Therapeutic use of avidin is not hampered by antiavidin antibodies in humans

Hen egg white avidin is increasingly used in the clinic as part of multifactor treatments such as pretargeted radionuclide therapy of cancer or as an antidote of biotinylated drugs. Taking into account that naturally occurring human antiavidin antibodies (HAVA) are common in humans, the present work investigates avidin immunogenicity as part of risk/benefit evaluations. Sera from 139 oncology patients naive to avidin were confirmed to exhibit HAVA with lognormally distributed titers. HAVA were boosted after avidin treatment, with no correlation with the avidin dose or with the basal titer. No antibody-related clinical symptoms were observed in 21 HAVA-positive patients treated with avidin. In mouse models, high mouse antiavidin antibody titers, induced to simulate the worst human condition, neither reduced the biotin uptake of intratissue-injected avidin nor affected the capacity of intravenously injected avidin to clear a biotinylated drug from circulation. In both models the avidin treatment was well tolerated. Results indicate that avidin immunogenicity does not affect its safety and efficacy, thus encouraging its further use in clinical applications.
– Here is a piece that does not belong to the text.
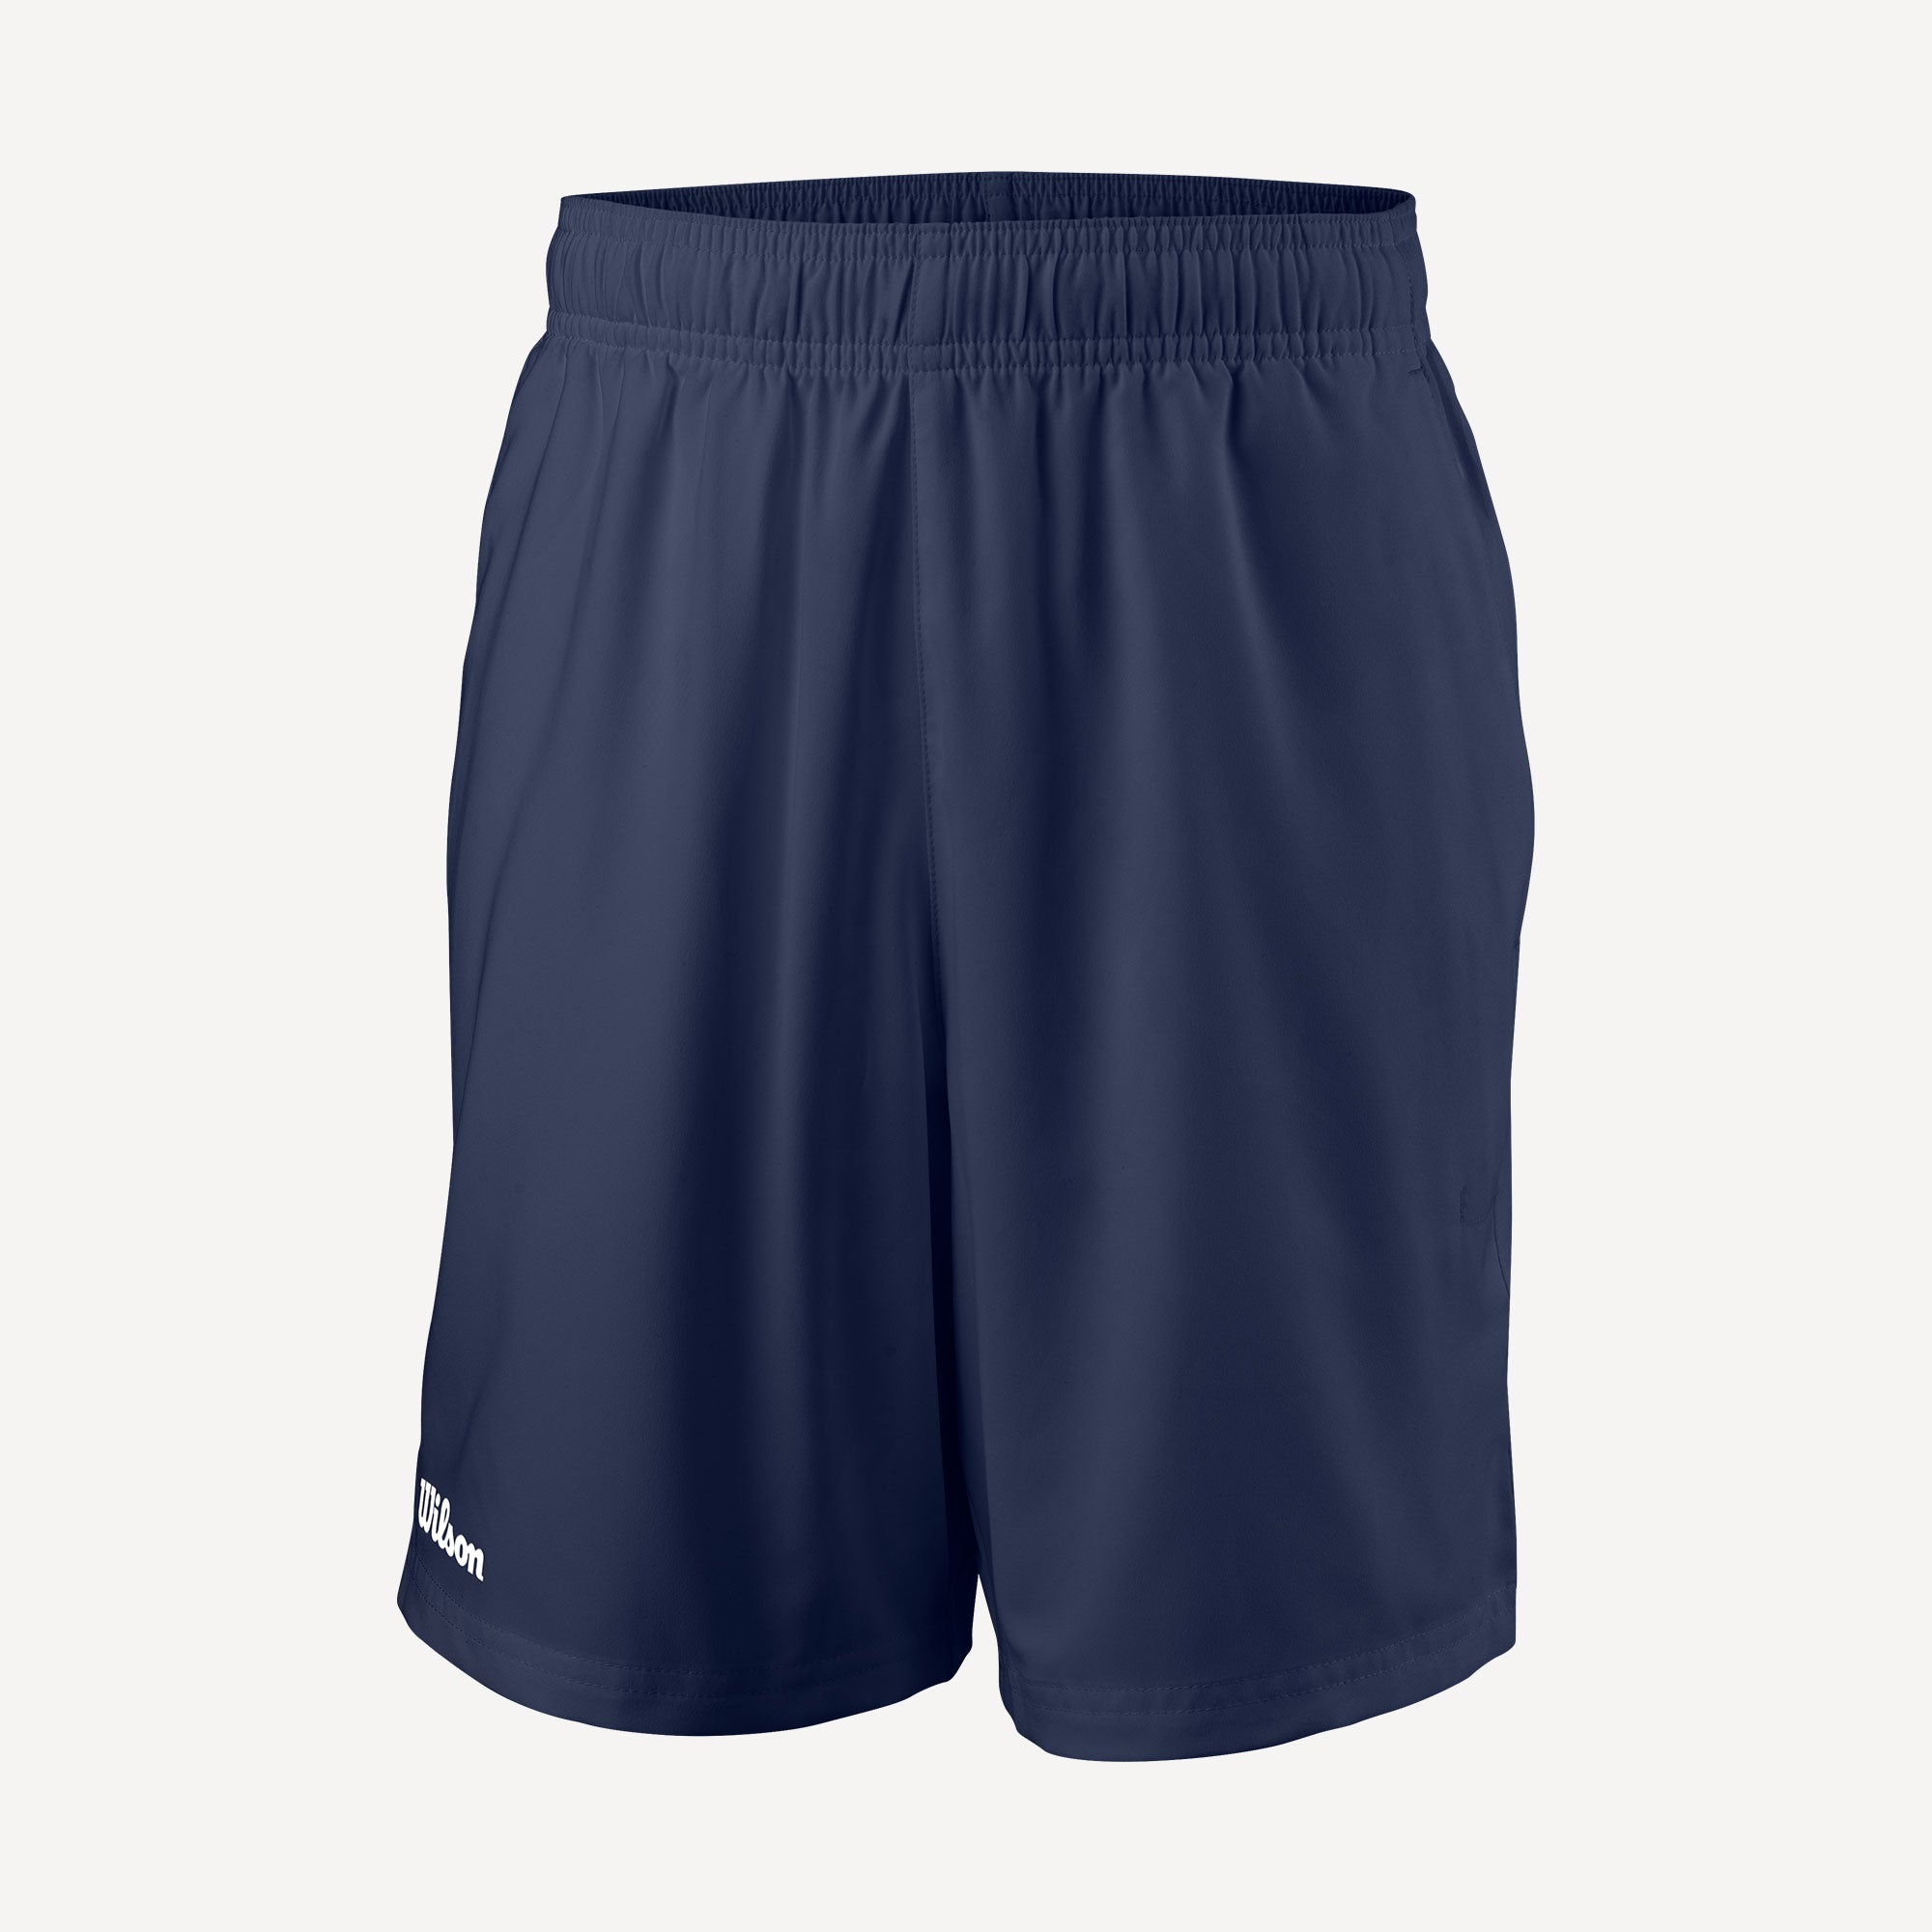 Wilson Team 2 Boys' 7-Inch Tennis Shorts Blue (1)

Improved Tumor Targeting by Combined Use of Two Antitenascin Antibodies

Purpose: In the pretargeted antibody-guided radioimmunotherapy (PAGRIT) system, the combined use of two different antibodies directed against the same tumor antigen could represent a valid approach for improving tumor targeting and therapeutic efficacy. We developed a novel monoclonal antitenascin antibody, ST2485, and studied its biochemical and functional properties by in vitro and in vivo assays. We then investigated the first of the three-step therapy combining ST2485 with another antitenascin antibody, ST2146, previously described, to increase accumulation of biotinylated antibodies at the tumor site. Experimental Design: Studies of immunoreactivity, affinity, immunohistochemistry, and biodistribution in xenograft model were carried out on ST2485. Analysis of the ST2485 and ST2146 combination was preliminary carried out by ELISA and BiaCore tests and then by in vivo distribution studies after administration of the radiolabeled biotinylated antibodies, followed by a chase with avidin as clearing agent. Results: ST2485 was found to be a suitable antibody for therapeutic applications. Indeed, for its behavior in all tests, it was comparable with ST2146 and better than BC2, an antibody already used for clinical trials. The additivity of ST2146 and ST2485 in tenascin C binding, shown by in vitro tests, was confirmed by biodistribution studies in a xenograft model where tumor localization of the antibodies was near the sum of each antibody alone, with a tumor-to-blood ratio higher than 24. Conclusion: The results reported in this study suggest that a monoclonal antitenascin antibody mixture can improve tumor targeting. This strategy could represent progress for therapeutic approaches such as PAGRIT.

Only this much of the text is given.